From: Harvey Newstrom (newstrom@newstaffinc.com)
Date: Tue Jun 22 1999 - 22:30:14 MDT
These are simply absurdium arguments. You lead the participant down the
slippery-slope to an absurd conclusion. You claim that just because the
exact point of error cannot be determined, that the end conclusion cannot be
disproved. This is nonsense, and a common logical fallacy.
Take the example of the straw that broke the camel's back. You can keep
loading a camel up with straw. You can add one straw at a time. I can't
predict when the weight will be too much for the camel. But you can't put
an infinite amount of weight on top of the camel before it collapses.

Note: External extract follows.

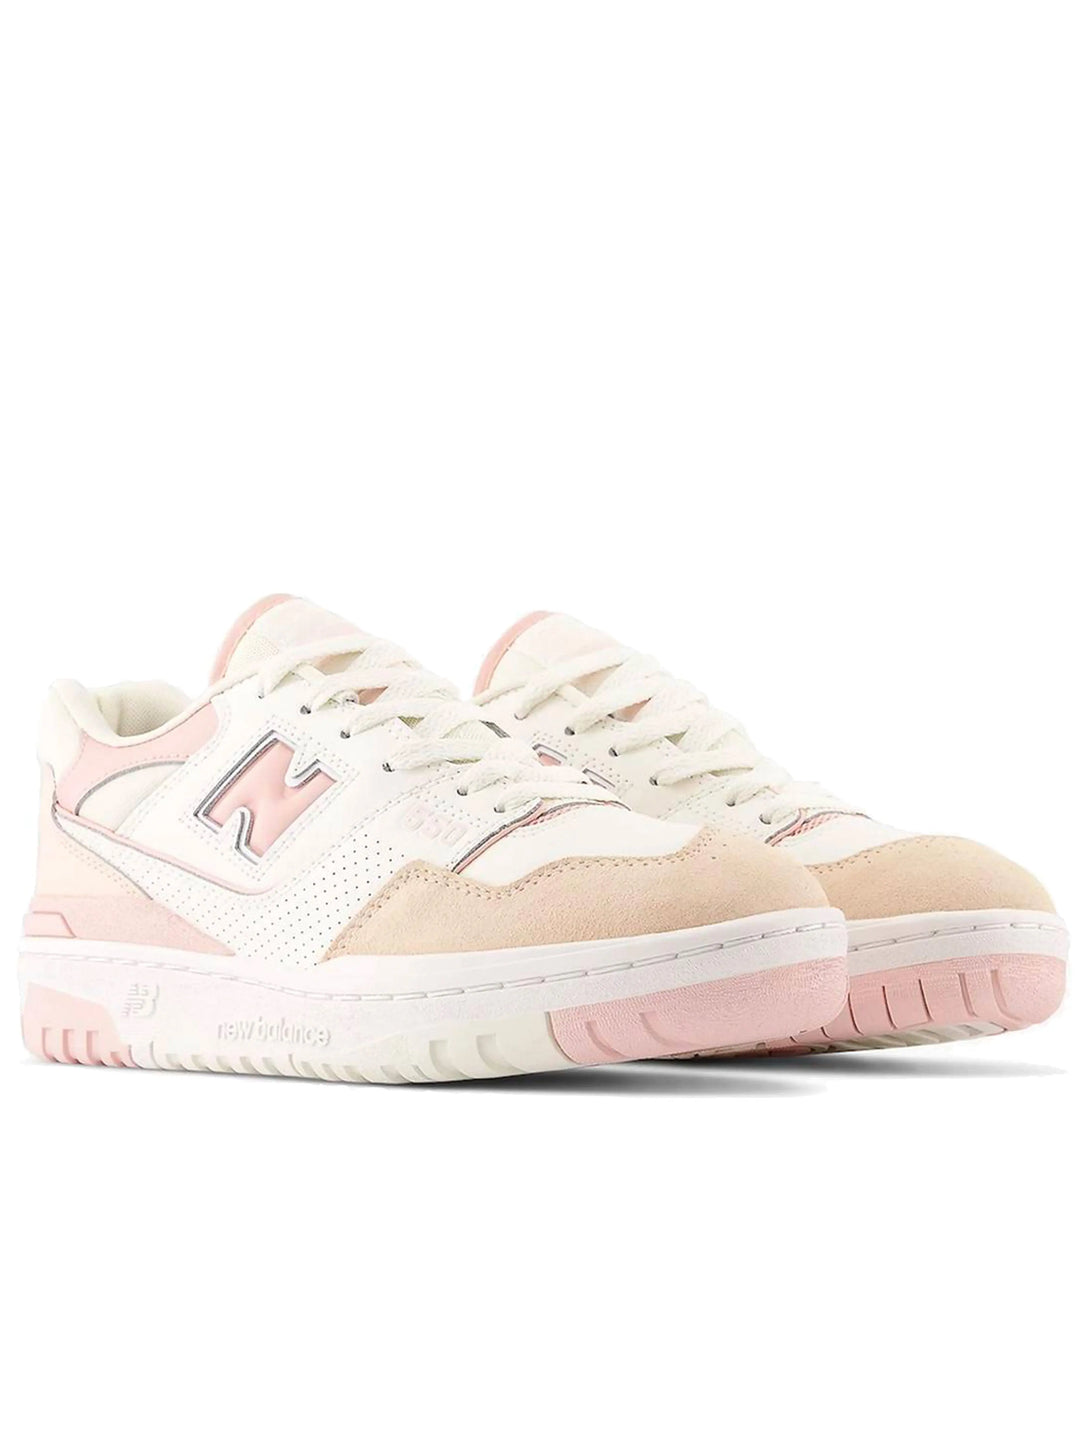 New Balance 550 White Pink [W] Prior

You examples are the same. I know that a living brain is conscious. I know
that a chopped-up brain is dead. Instead of explaining how the chopped-up
brain can be defined to be alive or conscious, you instead prefer to give
the various slippery-slope examples between the live brain and the dead
brain.
Let me save you the trouble. The live brain is conscious. The chopped-up
brain is dead. I don't know which of your intermediate examples are alive
or dead. Most of the intermediate examples are absurd. They might not even
be possible given the laws of physics. It may not be possible to transition
a brain between the states without killing it. Why do we care about these
intermediate states anyway? They are merely a debating device being used to
present an absurd theory, which on the face of it would be rejected. Hence,
the slippery slope is required.
All theories of consciousness require causality. Cite a reference on
pattern-based consciousness if you know of one. All known brains have
evolved as connected causal brains. Cite an example of a dismembered brain
or a pattern-based brain if you know of one. Your pattern example does not
meet the definitions for living or consciousness. Your example seems to be
based on the reader's failure to prove it is not conscious. Also, all of
your pattern-brains seem to require causal brains to do their thinking for
them. Show an example of a pattern based brain doing any kind of thought,
communication, reaction, conclusions, memory storage, or something without
the help of a causal brain.
Frankly, I am getting tired of repeatedly being asked to prove that the
pattern brain is not conscious while you ignore my objections and give no
evidence for your claim that it is conscious.